# Unweighted hook restriction



## chipper1220 (Dec 15, 2013)

If a stream has a restriction for unweighted hooks what does it actually include? Can i still have weight above my hook? Can i still use lures if i switch out the hook to the correct gap? Anybody have any info? Thanks in advance!


----------



## GVDocHoliday (Sep 5, 2003)

It means what it says. No weight attached to the hook. Like m80's or jig heads. 

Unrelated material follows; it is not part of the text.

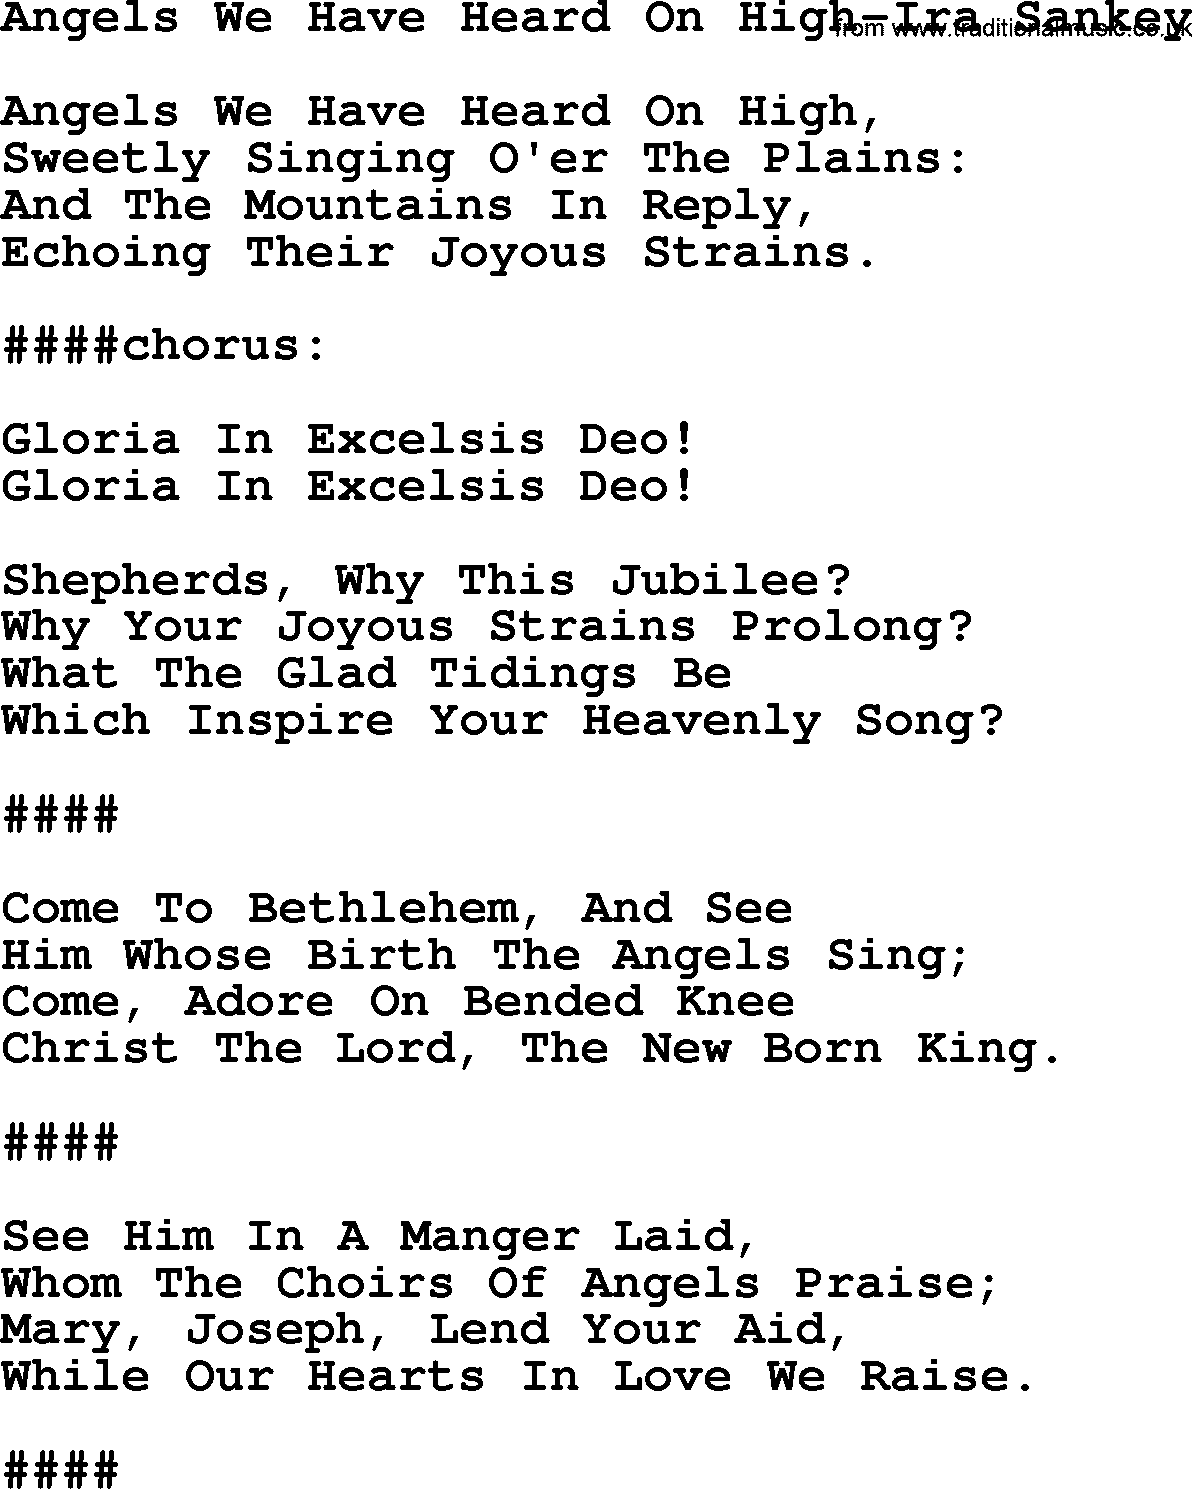 Ira Sankey hymn: Angels We Have Heard On High-Ira Sankey, lyrics

Lures can be used, but a lure by definition is not composed of lead.


----------



## chipper1220 (Dec 15, 2013)

Lol no m80's just making sure shots above the hook are fine.


----------



## chipper1220 (Dec 15, 2013)

Fishing spawn and want to be legal


----------



## GVDocHoliday (Sep 5, 2003)

Also remember it has to be a single hook.


----------



## Strongbad (Jul 24, 2010)

What about a steelhead jig under a bobber?


----------



## kzoofisher (Mar 6, 2011)

Strongbad said:


> What about a steelhead jig under a bobber?





M. Tonello said:


> Adam Bradley is correct- this new reg will not restrict the use of jigs for steelhead. The entire reason for this new reg is to help our Conservation Officers target illegal snaggers by making their favorite snagging tackle illegal. Our COs realize that anyone fishing a jig/waxie under a bobber is not snagging, simple as that.

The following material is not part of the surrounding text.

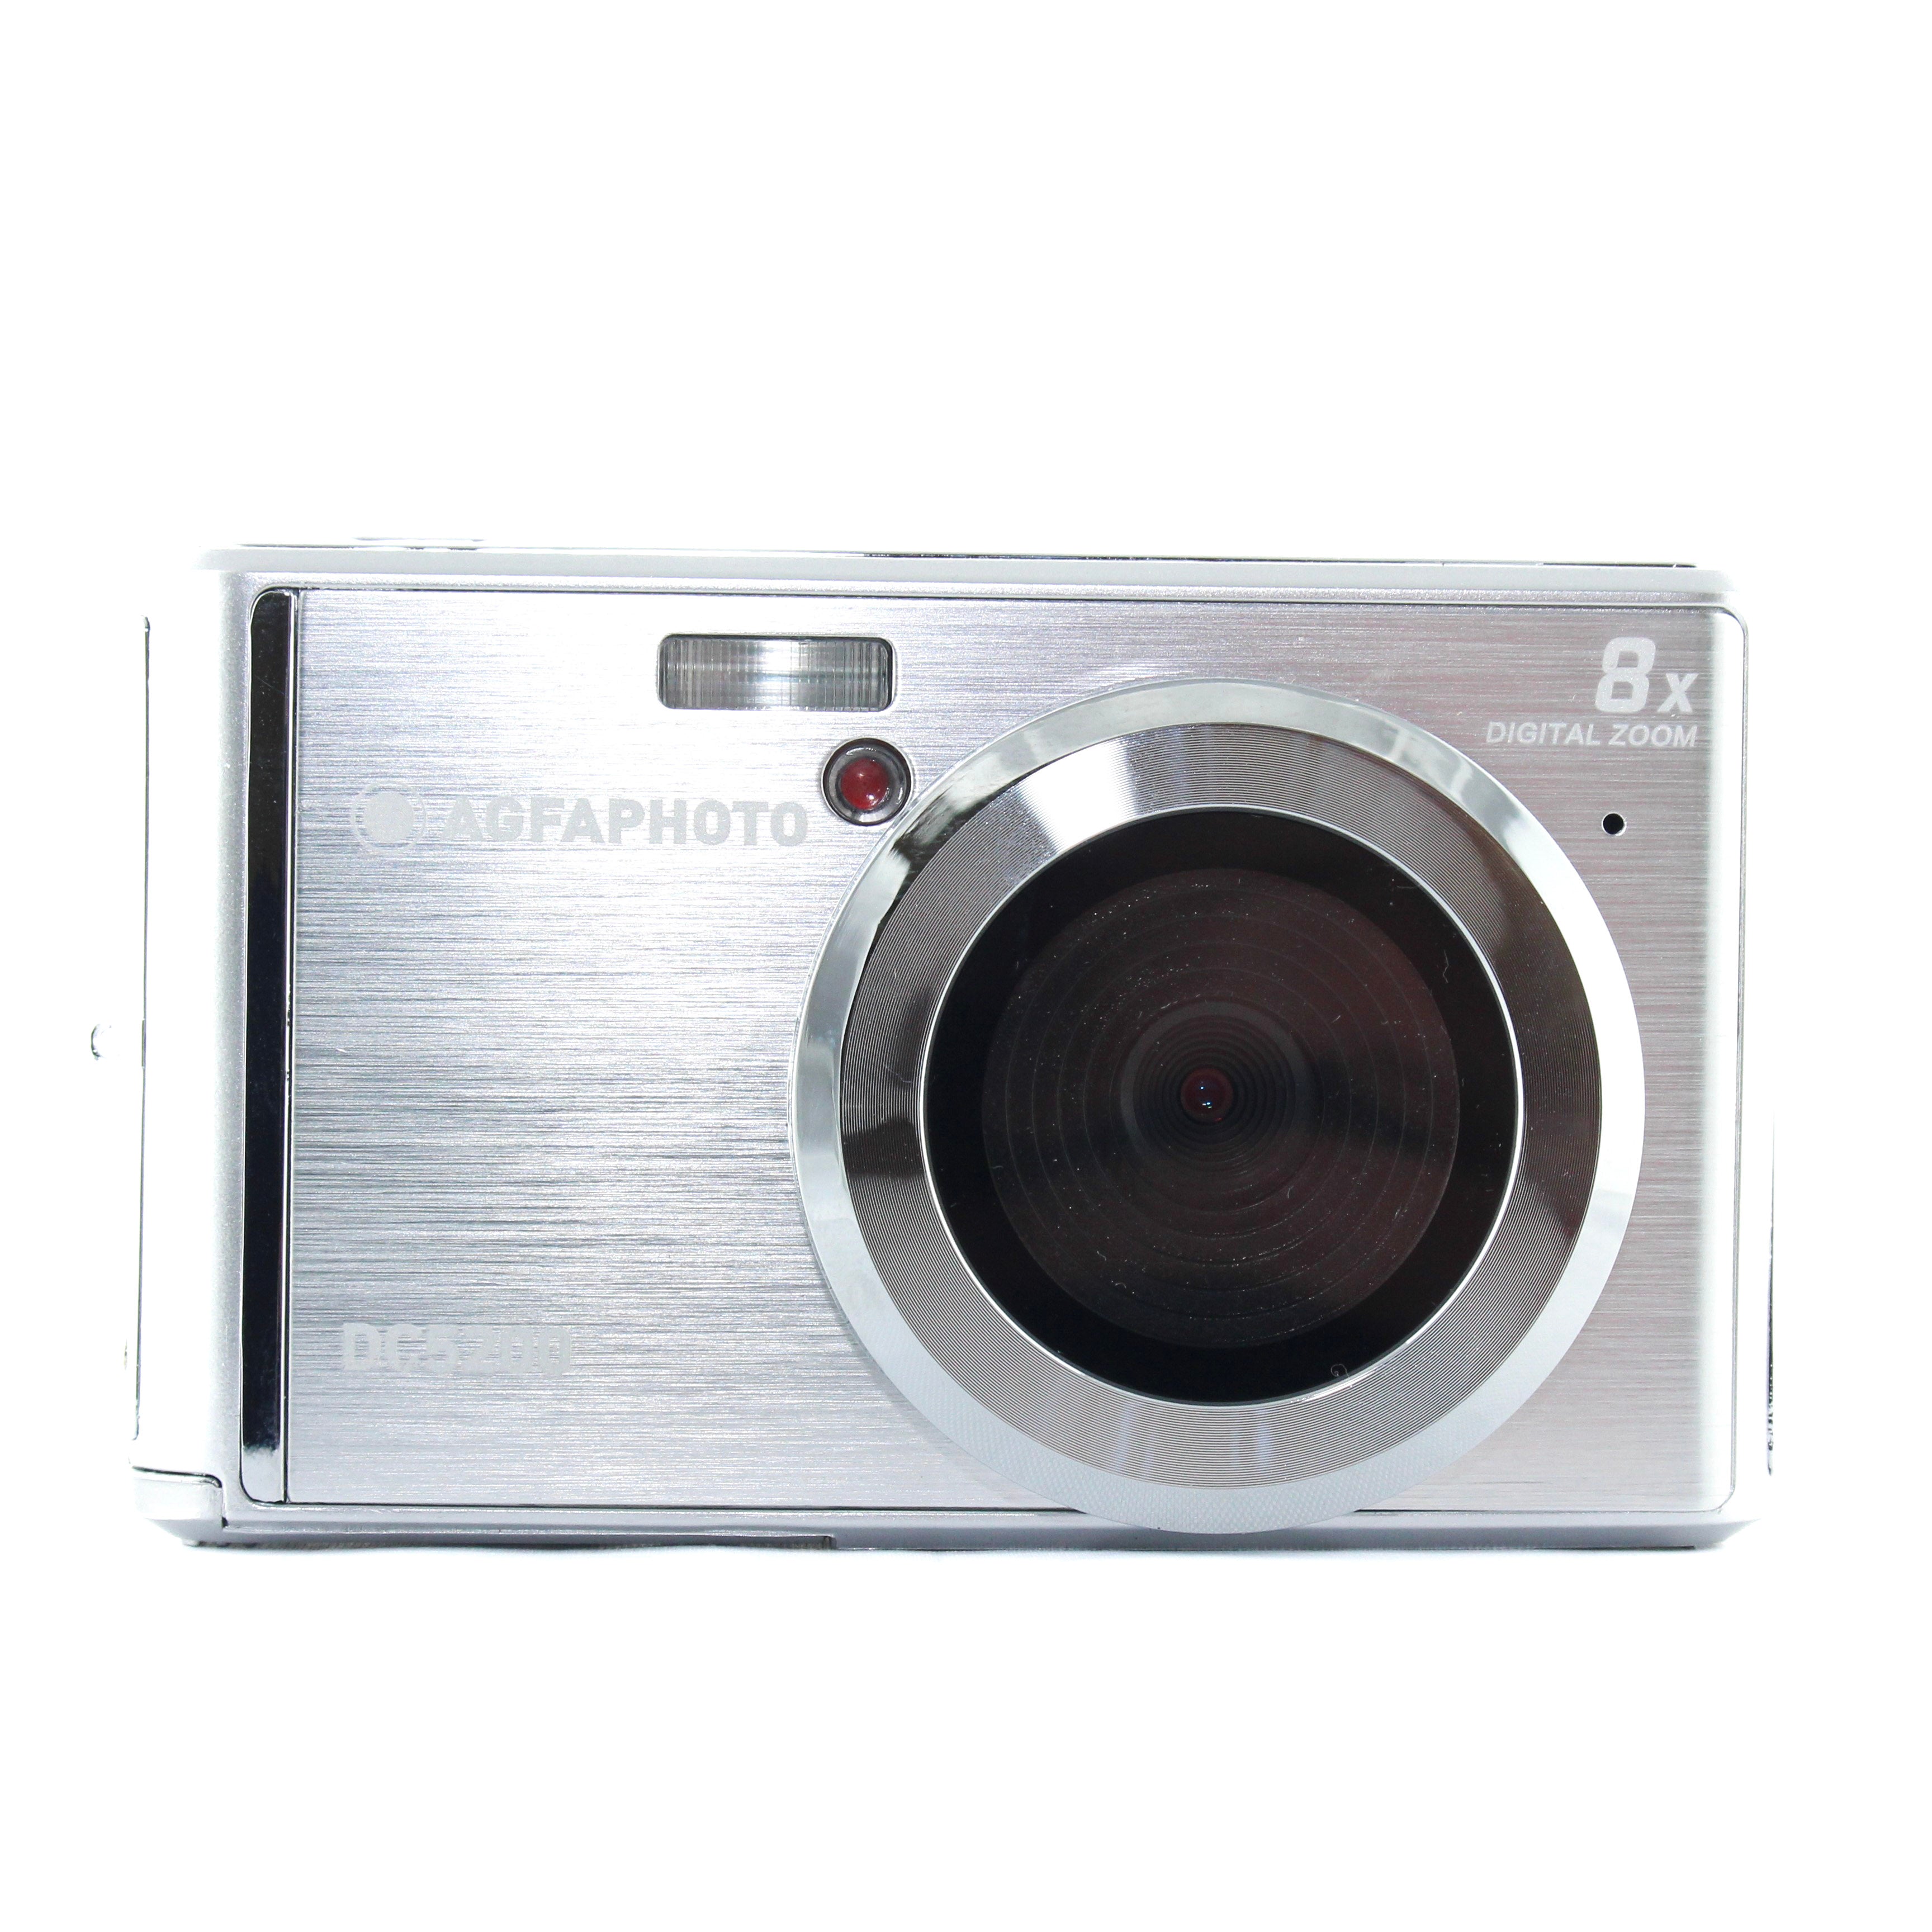 Agfa Realishot DC5200 Digital Compact Camera Kit

You'll have to trust to the discretion of the CO if you are salmon fishing with a jig under a bobber before 11/15. I believe CO's are reasonable people who can tell the difference between a fishing rig and a snagging rig. Never had a problem with any CO I've ever met.


----------



## jd4223 (Feb 12, 2012)

"Discretion" is the key word!If I use a bead head nymph and the DNR chooses to use his/her "Discretion"and issue me a ticket for violating the "No Weighted Hook"rule,then what?Some of us have run into these DNR Officers who like to exercise their"Discretion"every chance they get.No painting with a broad brush against all DNR.Just like certain law enforcement officers who use poor discretion when enforcing the law.It's not worth the risk and hope the DNR who is checking you isn't having a bad day and wants to use his/her "Discretion"when addressing your violation of the weighted hook rule.


----------



## Robert Holmes (Oct 13, 2008)

jd4223 said:


> "Discretion" is the key word!If I use a bead head nymph and the DNR chooses to use his/her "Discretion"and issue me a ticket for violating the "No Weighted Hook"rule,then what?Some of us have run into these DNR Officers who like to exercise their"Discretion"every chance they get.No painting with a broad brush against all DNR.Just like certain law enforcement officers who use poor discretion when enforcing the law.It's not worth the risk and hope the DNR who is checking you isn't having a bad day and wants to use his/her "Discretion"when addressing your violation of the weighted hook rule.


They won't waste their time with you unless you are using that bead head with a snagging motion, it has been done before. They have bigger fish to fry and they are not too hard to find.


----------